Die Unterschiede sind durch eine stärkere Beteiligung Franz Anton Zeillers zu erklären, was auch wiederum mit seiner Signatur einhergehen würde. Sie verweisen bereits auf die fast ein Jahrzehnt später gemalten Erdteilallegorien Zeillers in der Benediktinerstiftskirche St. Theodor und Alexander in Ottobeuren. [8]
[1] Vgl. KDV Saulgau 1938, 126; Schnell 1938, 3.
[2] Vgl. hierzu ausführlich Stoll 2011, 2–11.

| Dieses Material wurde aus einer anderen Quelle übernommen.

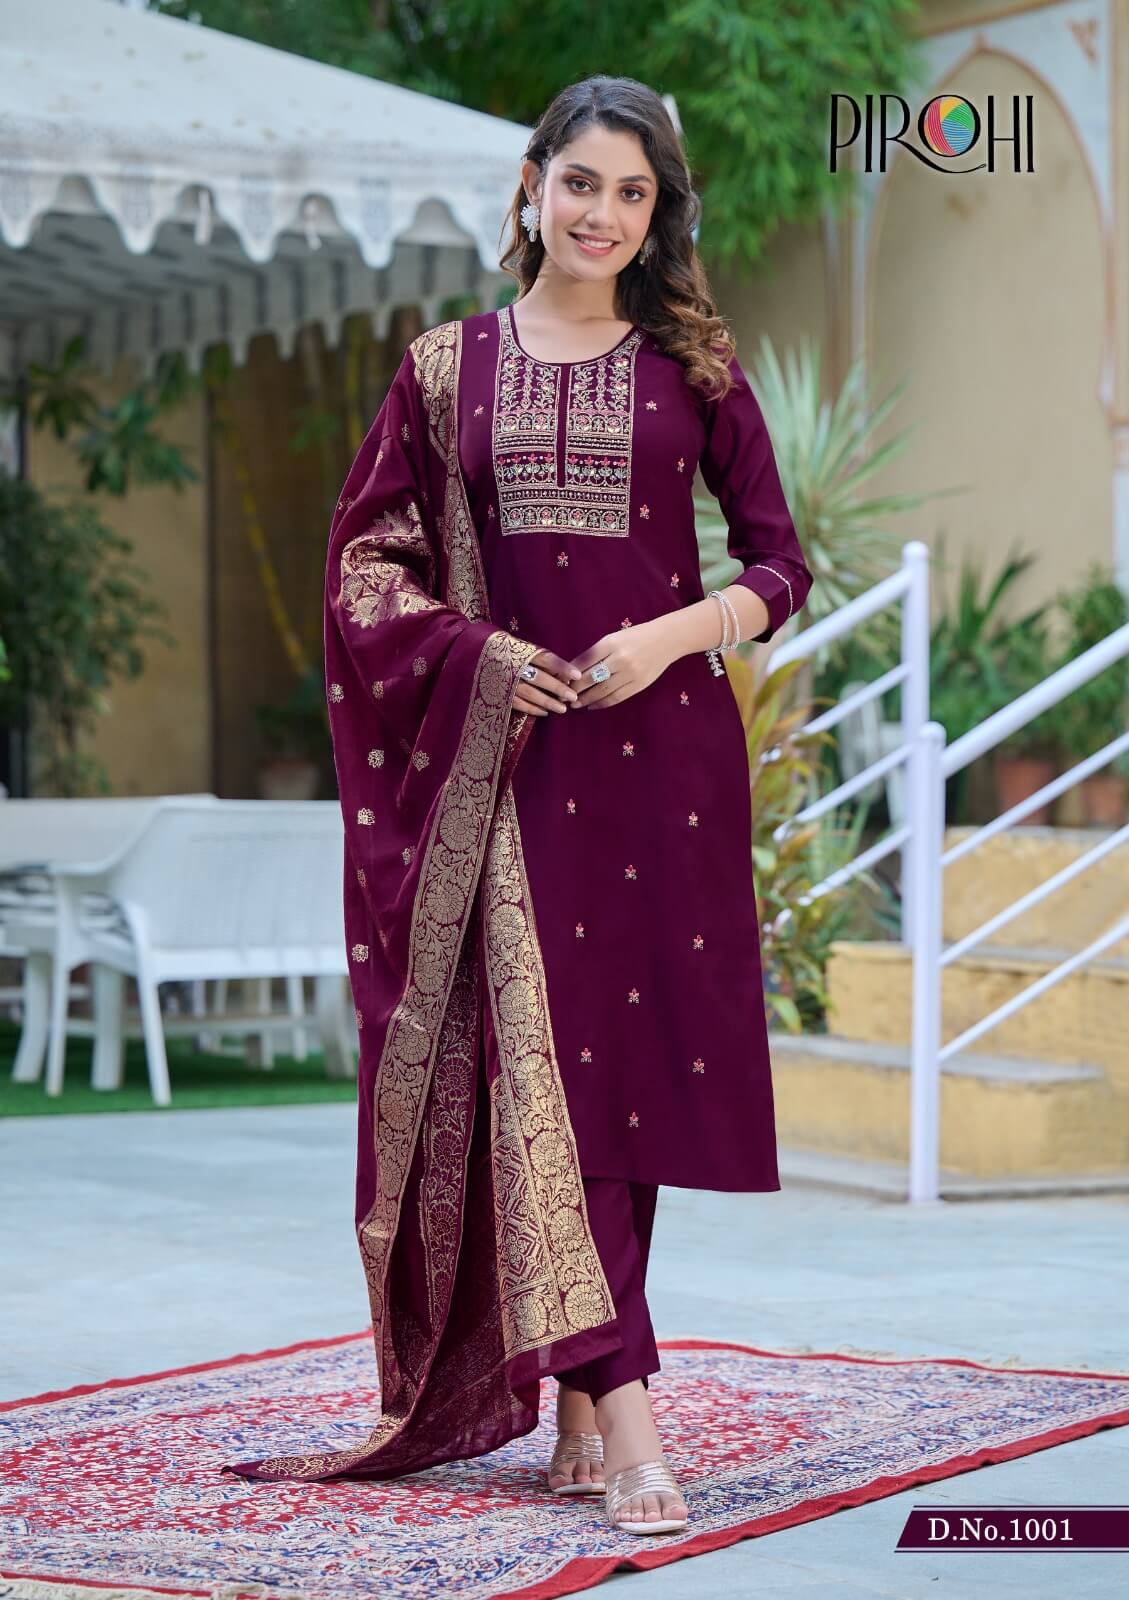 Pirohi By Rajavir Mahiye Readymade Dress Catalog collection 5

[3] Vgl. Knapp 1996, 140. Hier folgt ihm ein Jahr später der Autor des rezentesten Kirchenführers zu Scheer Otto Beck, vgl. Beck 1997, 16.
[4] Staatsarchiv Sigmaringen, Dep. 30, Friedberg-Scheer, Bd. 351, S. 115, zitiert nach: Stoll 2011, 5 Anm. 25.
[5] Vgl. Stoll 2011, 6.
[6] Vgl. Isphording 1984, 298 Kat. Nr. A III b 154. Dieser Datierung folgt Rudolf Wildmoser, der Göz in seiner Rolle als Entwerfer und Stecher von Kupferstichen untersuchte, indem er den von ihm nicht nachgewiesenen Kupferstich auf 1765 datiert. Vgl. Wildmoser 1985, 174 Kat. Nr. 1-070-334.
[7] Vgl. Reistle 1990, 171.
[8] Mittels Bildvergleich noch zu überprüfen!